На стенах следы от старых постеров, над дверью висят часы. Кровати узкие, как скамейки. Сентябрь соскальзывает по лесенке и взмахивает руками: та-да.
Иногда я думаю, что могу вспомнить те дни, когда мы были такими маленькими, что спали в одном спальном мешке, размахивая четырьмя руками над головами, видя мир из одной точки. Я тогда не могла говорить, но я думаю, мы все равно понимали друг друга. Мне хочется, очень хочется, чтобы теперь было так же. Или, когда мы были постарше, и она переваливалась через край манежа и падала на пол, и орала мне, чтобы я сделала то же, пока не приходила мама и не возвращала ее обратно или брала нас к себе в кровать, и тогда наши руки сплетались, мамина грудь упиралась нам в щеки, глаза Сентябрь были так близко к моим, что мне было видно каждую плакучую ресничку. Я говорю Сентябрь: «Ты бы хотела, чтобы так было? Хотела бы, чтобы так было и сейчас?» А она говорит, не знаю, о чем ты, Июль.
Мы крадемся мимо маминой закрытой двери, но оттуда ничего не слышно. Нам уже случалось подслушивать за этой дверью. Она может спать. Мы открываем третью дверь по коридору. Это сушильный шкаф. Там огромный пузатый бак для воды и сложная система управления для отопления и горячей воды. На полу мышеловки, но в них ничего. Мы стоим, рассматривая кнопки. Мы слышим бурление внутри бака. По жестяной крыше барабанит дождь. Я думаю, что могла бы услышать сквозь ладонь Сентябрь медленное движение ее мыслей, если бы хорошенько прислушалась, фырканье слов. Я вспоминаю последние несколько недель в школе. Часто шел дождь, заливая канавы, стекая в три ручья по окнам. По пути сюда мы увидели из окна машины мертвого барсука. Лица других девочек. Есть только одна причина, почему мы покинули дом в Оксфорде и приехали сюда, и, хотя это была идея Сентябрь – затащить тех девчонок на теннисный корт, чтобы проучить их, просто припугнуть, – это не Сентябрь виновата, что мы теперь в Гнезде. В этом виноват только один человек.
Сентябрь нажимает по приколу кнопки на бойлере вразнобой. У нее на шее все еще висит бинокль, который качается, когда она двигается. Из-за стены доносится протяжный стон.

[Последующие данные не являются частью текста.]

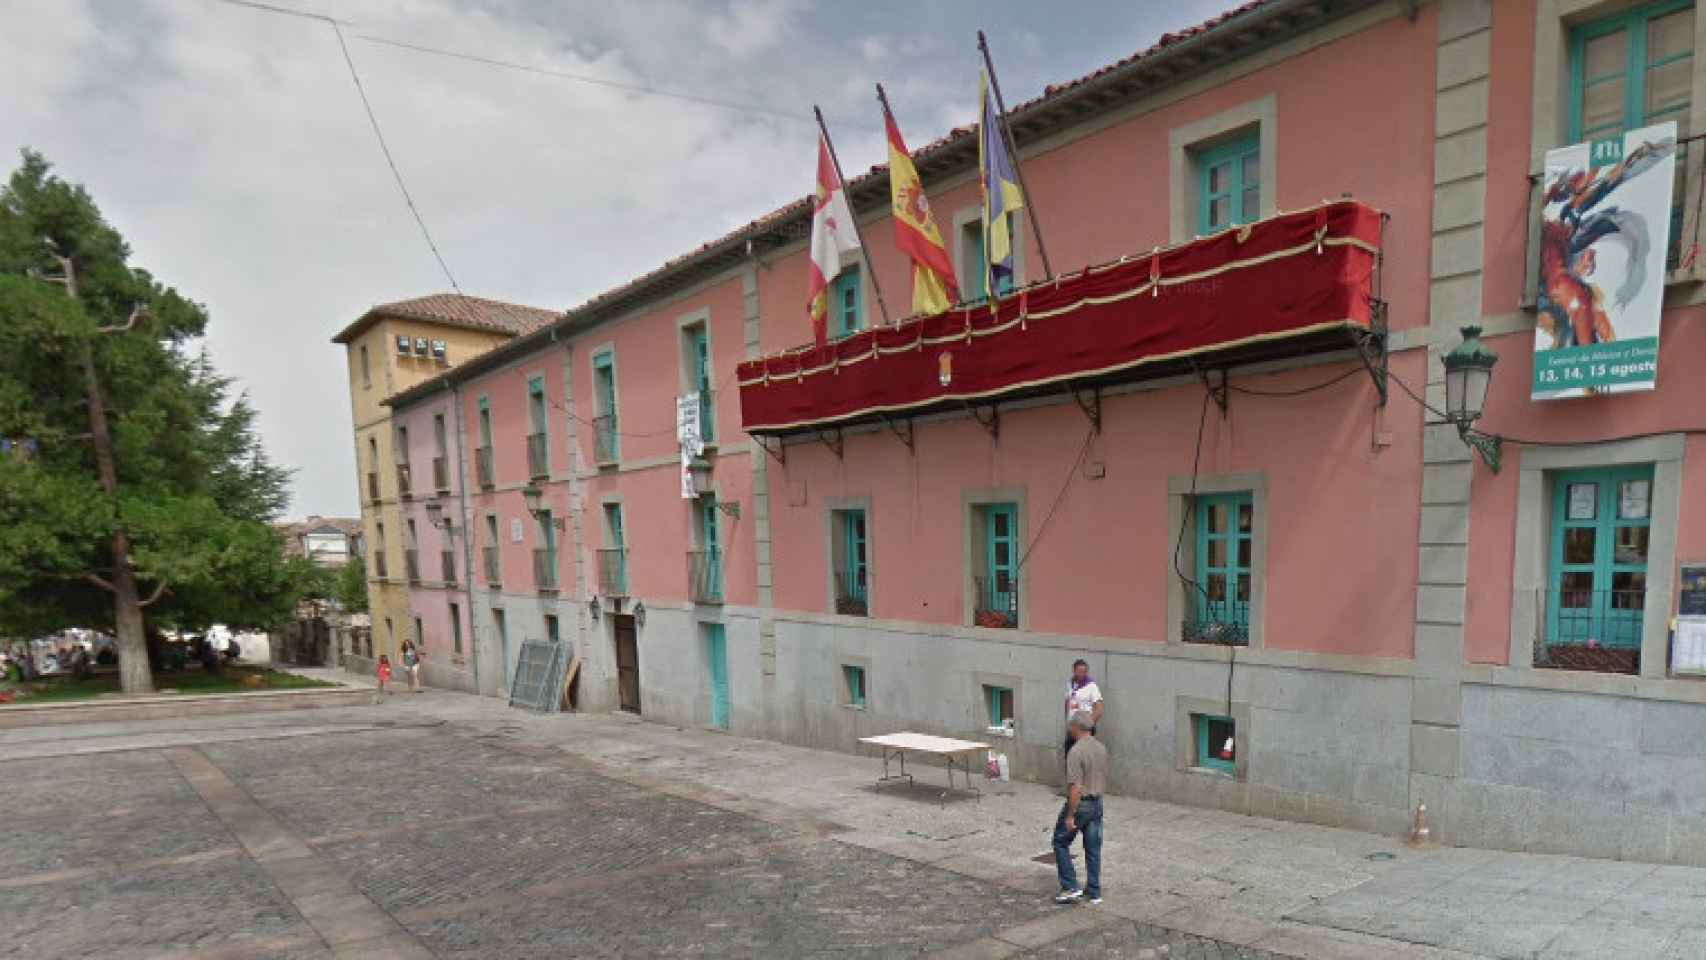 Ayuntamiento del Real Sitio de San Ildefonso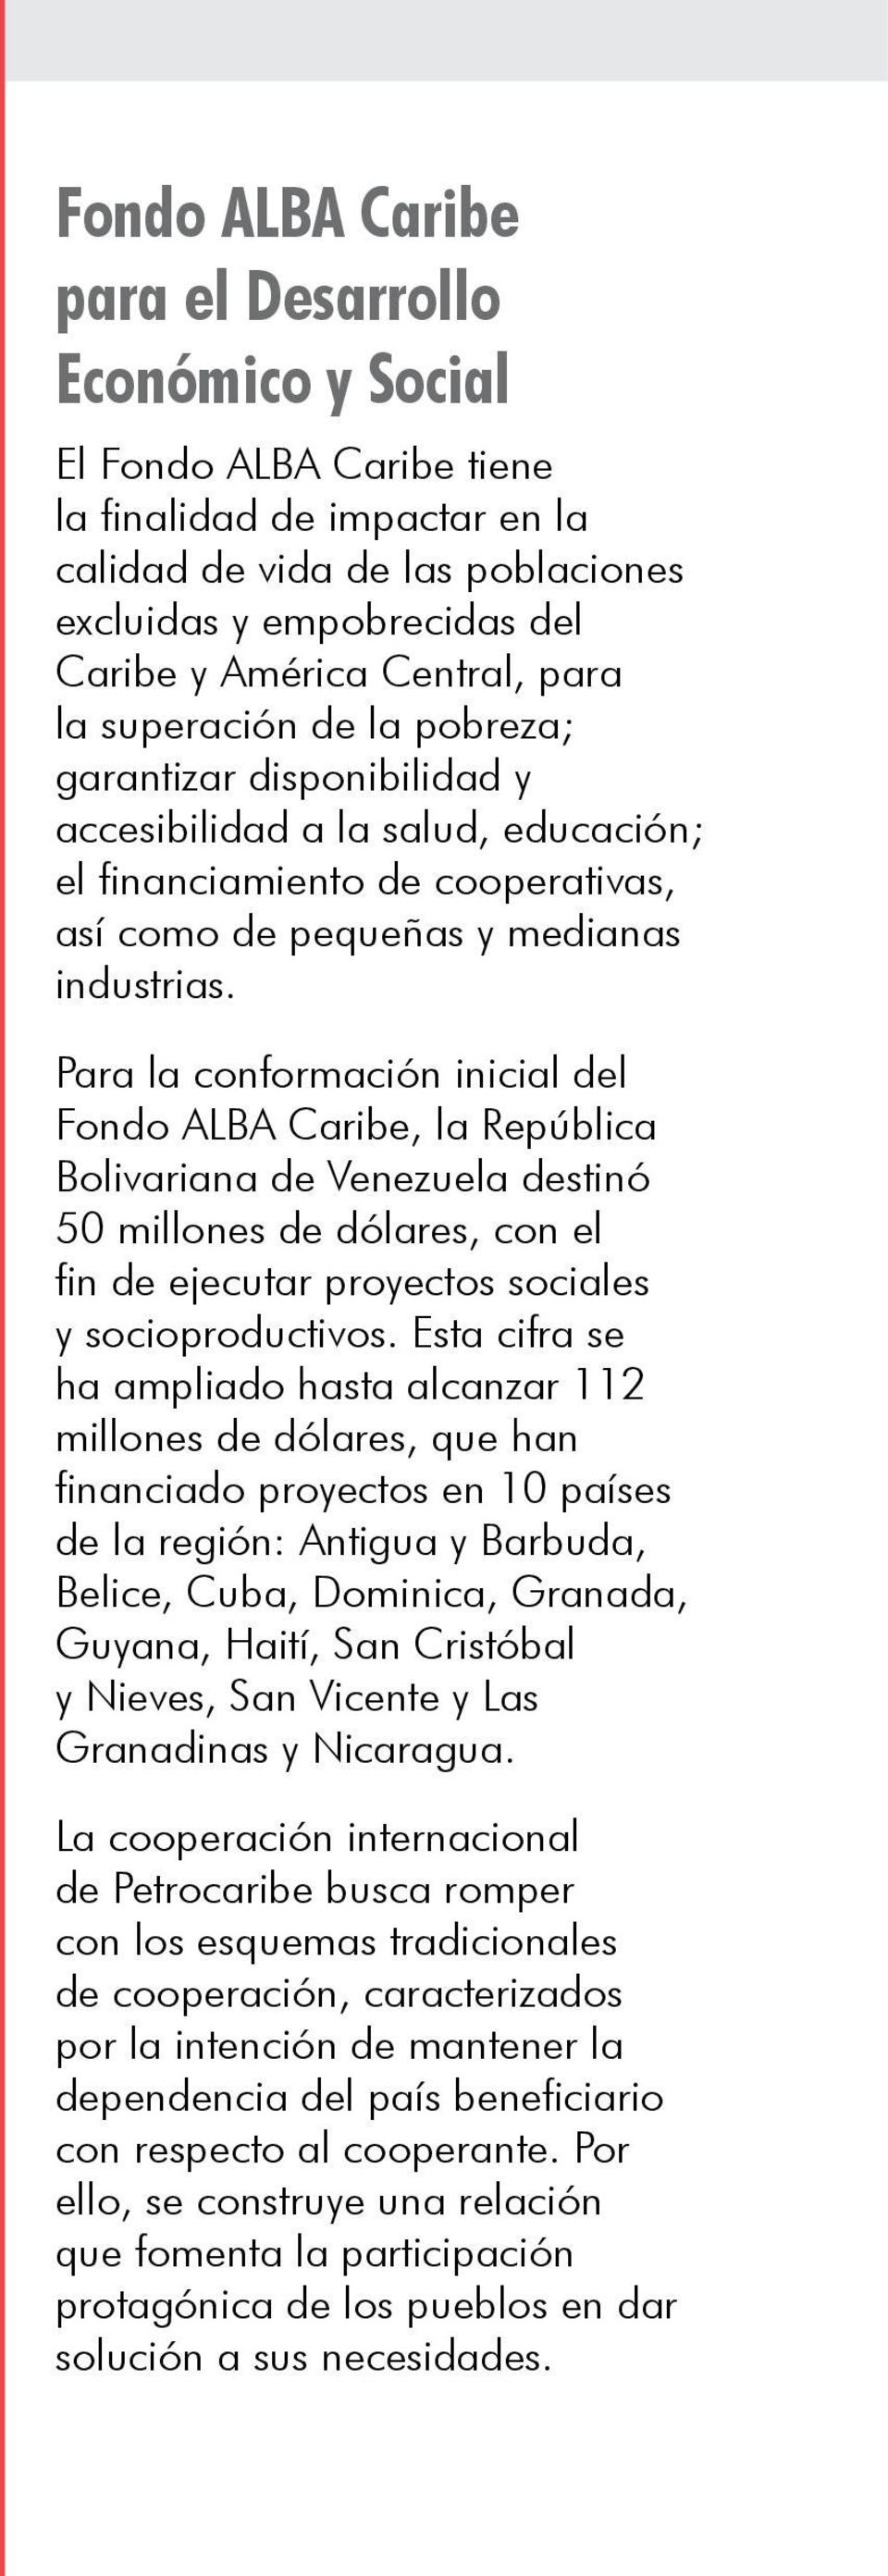 Para la conformación inicial del Fondo ALBA Caribe, la República Bolivariana de Venezuela destinó 50 millones de dólares, con el fin de ejecutar proyectos sociales y socioproductivos.

Не думаю, что это было правильно.
Пол слегка дрожит у нас под ногами.
Может, и неправильно, говорит Сентябрь. Пошли вниз, я хочу есть.
Мы устраиваем набег на холодильник, но там ничего такого. Консервы в комнатке за дверью давно просроченные, выгнутые, словно их продавили.
Давай займемся чем-нибудь другим, говорит она.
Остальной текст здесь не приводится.